The IMF insists that the deployment of vaccines - which will be very uneven between regions of the world - allows a surge of optimism in this year that has just begun.

But that does not mean that the outlook is clear of risks, which, as the document published this Wednesday points out, "threatens financial stability in some sectors and countries."

The Fund's technicians also warn of a possible correction in the price of assets if investors began to bet on uneven growth between countries and sectors.

But the most interesting thing about the document presented this Tuesday is not the large macroeconomic figures, but the references to specific agents such as families and companies.

"Although solvency problems have been limited for now, there is still risk in non-financial companies," says the Fund.

Its economists warn of the so -

called

fallen angels

- companies whose bonds lose investment grade and become speculative, famous

junk bonds

-

,

whose number has tripled since the outbreak of the pandemic.

"Its potential for growth is high in regions such as the EU and the US," the document adds.

On China, the IMF warns of the delicate financial balance of its large semi-state conglomerates.

In the last year, in the last year at least 11 groups have suspended the payment of their debt, a clear warning about the weaknesses of the Asian giant's financial system.

Ultimately, the body headed by Kristalina Georgieva concludes that the health of the global business fabric depends on the evolution and duration of the pandemic.

"In the event that investors reassess growth prospects, liquidity pressures and the risk of these becoming insolvencies could resurface," they conclude.

The families of half the world do not have a clearer picture.

So far, the problems of the households hardest hit by the pandemic have been cushioned by the support of the States, as well as by low interest rates that make their debt burden less heavy.
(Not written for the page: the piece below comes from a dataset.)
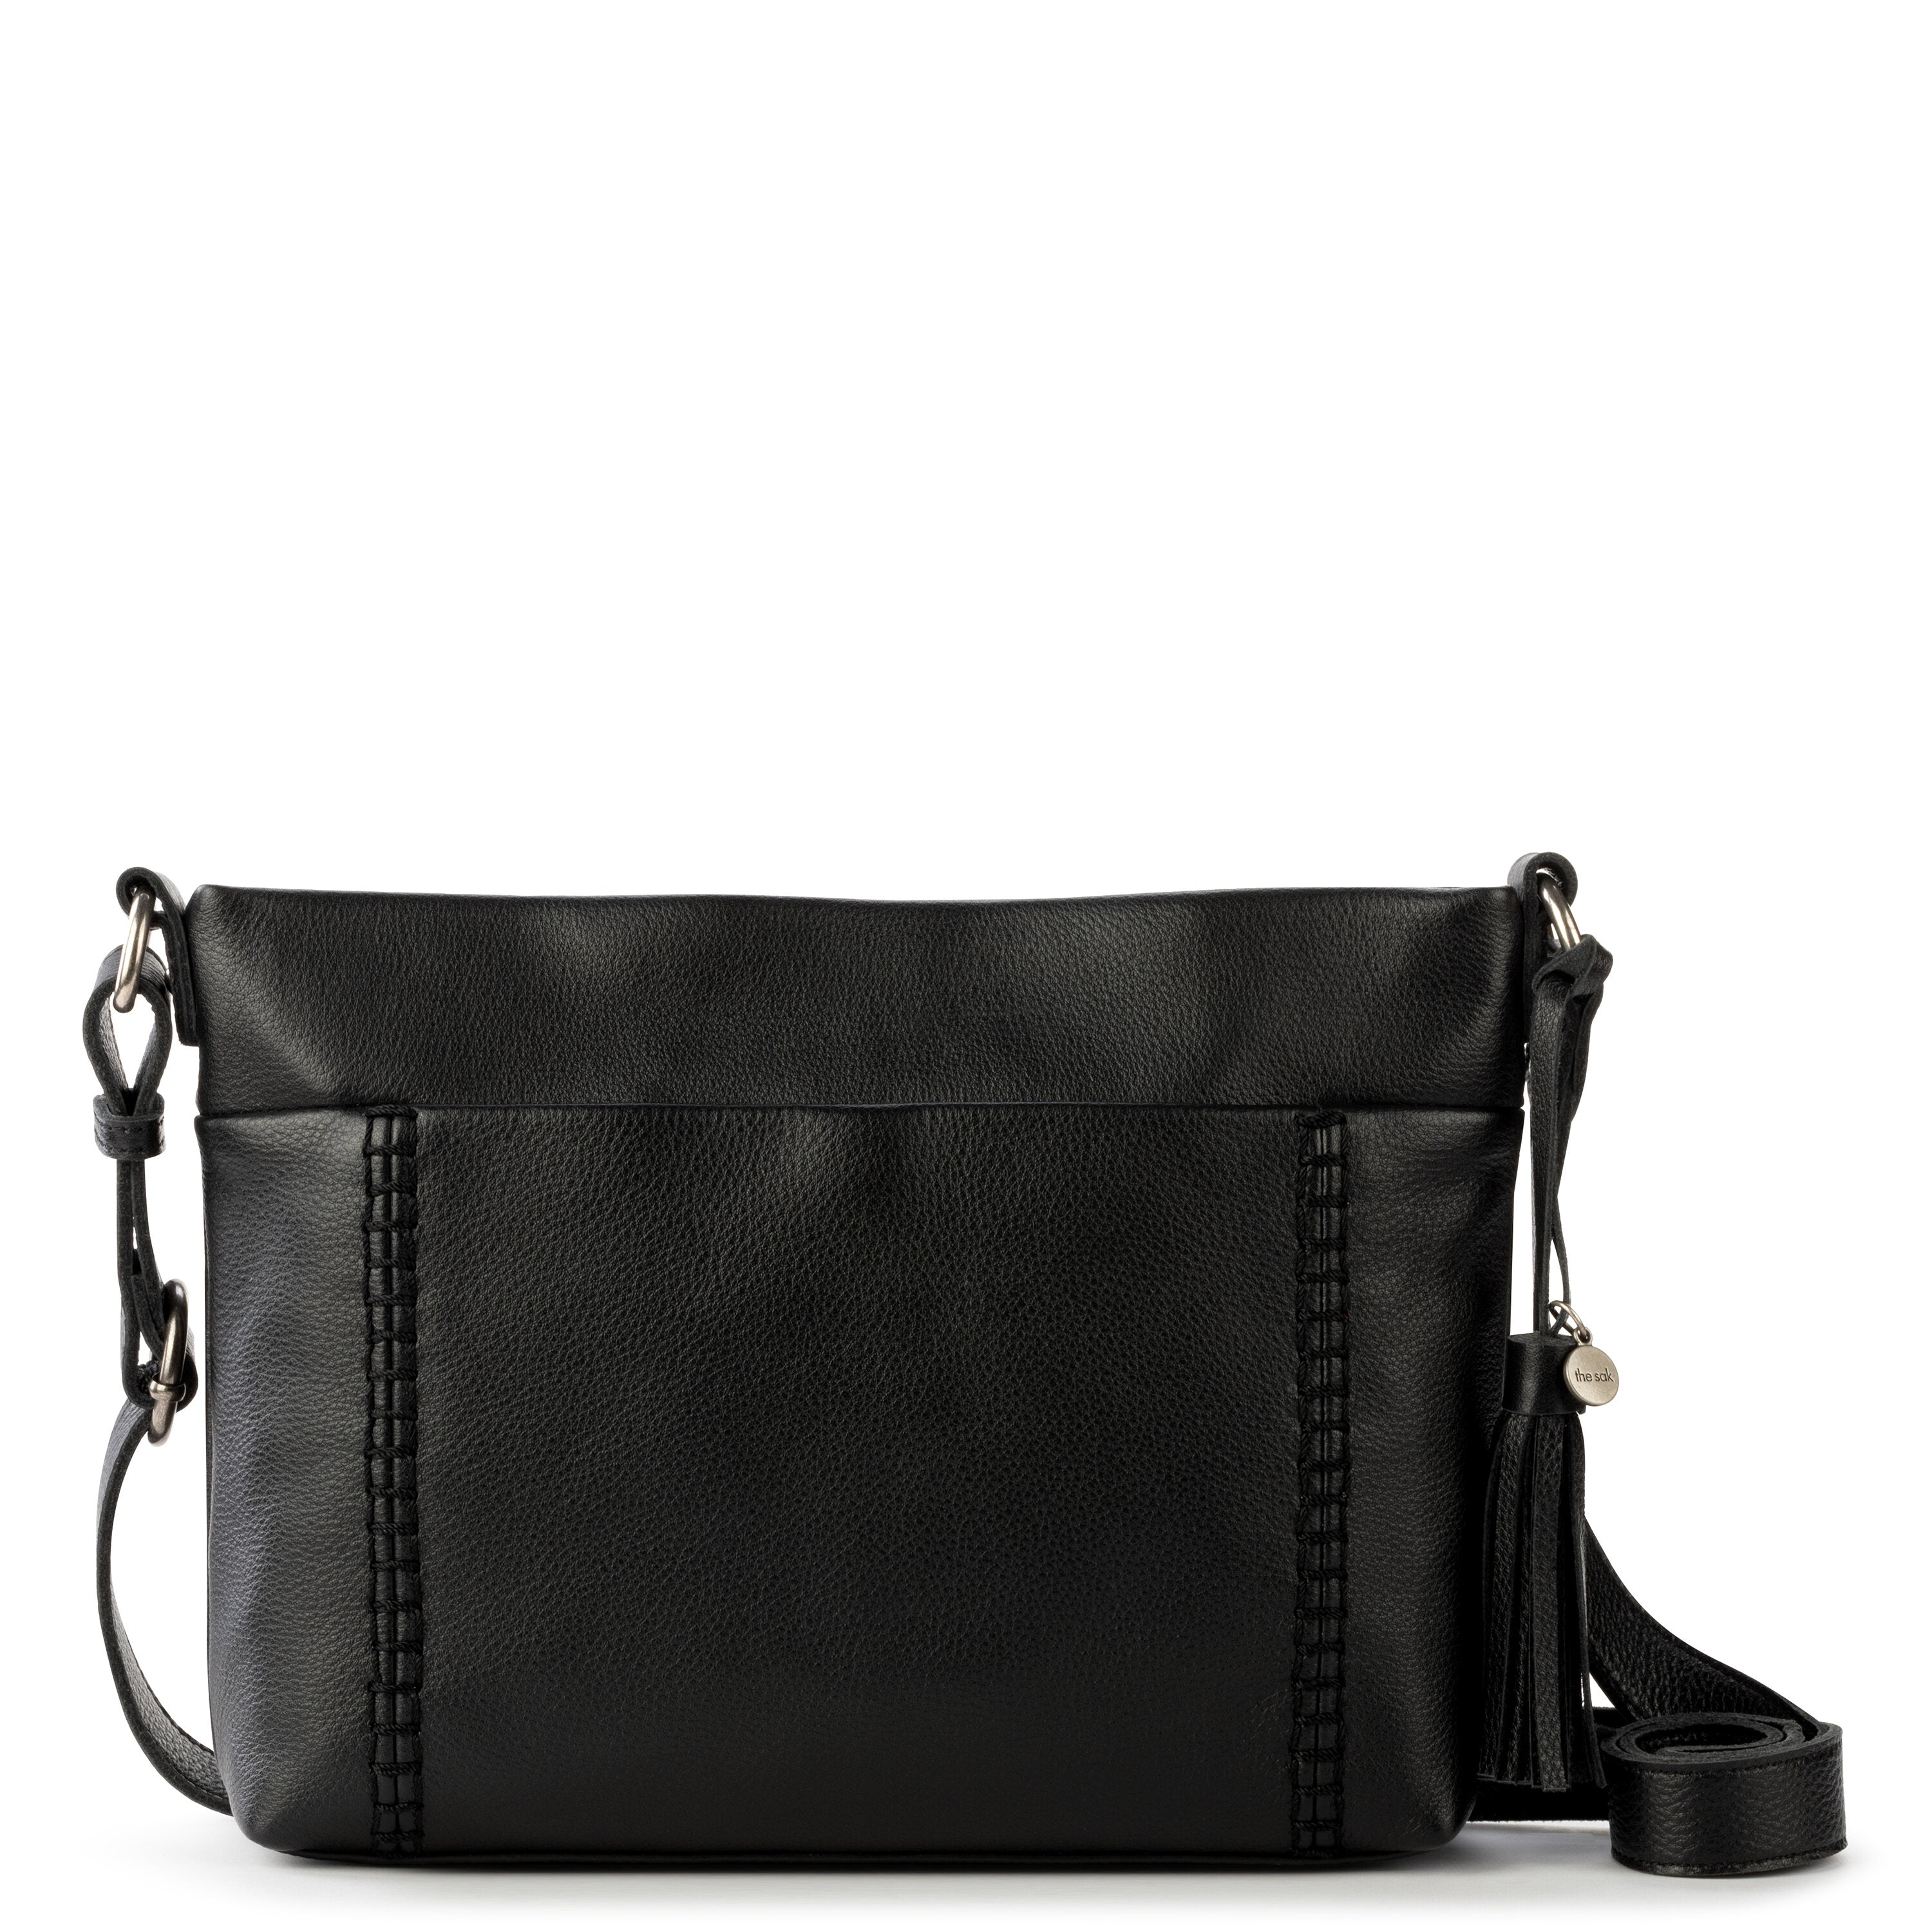 The Sak Large Genuine Pebble Leather Shoulder Bag in Black - Etsy

“But the poorest families have been more affected than the rest.

This suggests that financial problems will increase if public aid is withdrawn too soon or there is an incomplete economic recovery ”, he continues.
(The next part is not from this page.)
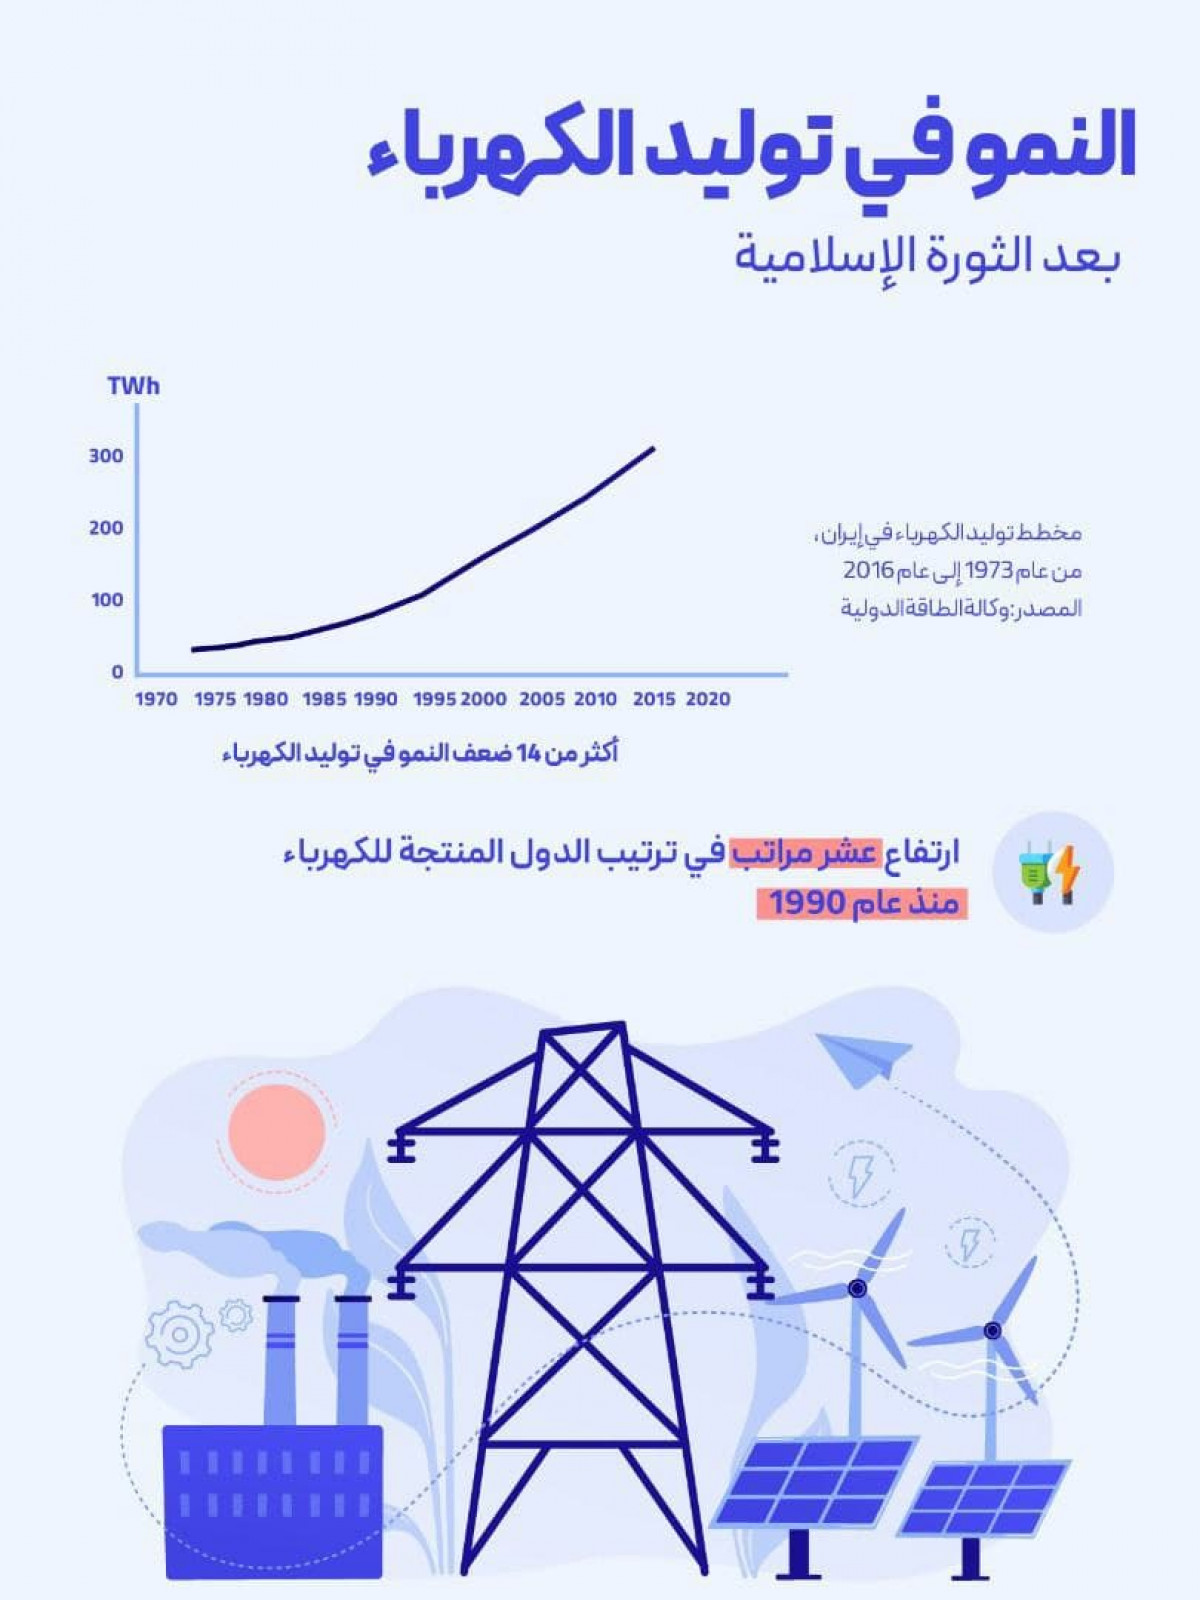 النمو في توليد الكهرباء بعد الثورة الإسلامية

Finally, banks are another source of concern, despite the fact that for now the health crisis has not changed to a financial crisis.

"The challenges they face to maintain profitability, especially in a scenario of low interest rates, cast doubt on their ability or willingness to continue lending in the coming quarters," say the Fund's experts, who fear that banks will start to restrict credit due to the increase in bad debts that comes to them.

As they have repeated on other occasions, IMF officials insist that the support of governments and central banks is still necessary to stabilize the economy until a solid recovery is seen.

"It is necessary to build a bridge that allows reaching the moment when vaccines are already available to all, and this implies ensuring liquidity for families and companies, and keeping financial risks under control", they conclude.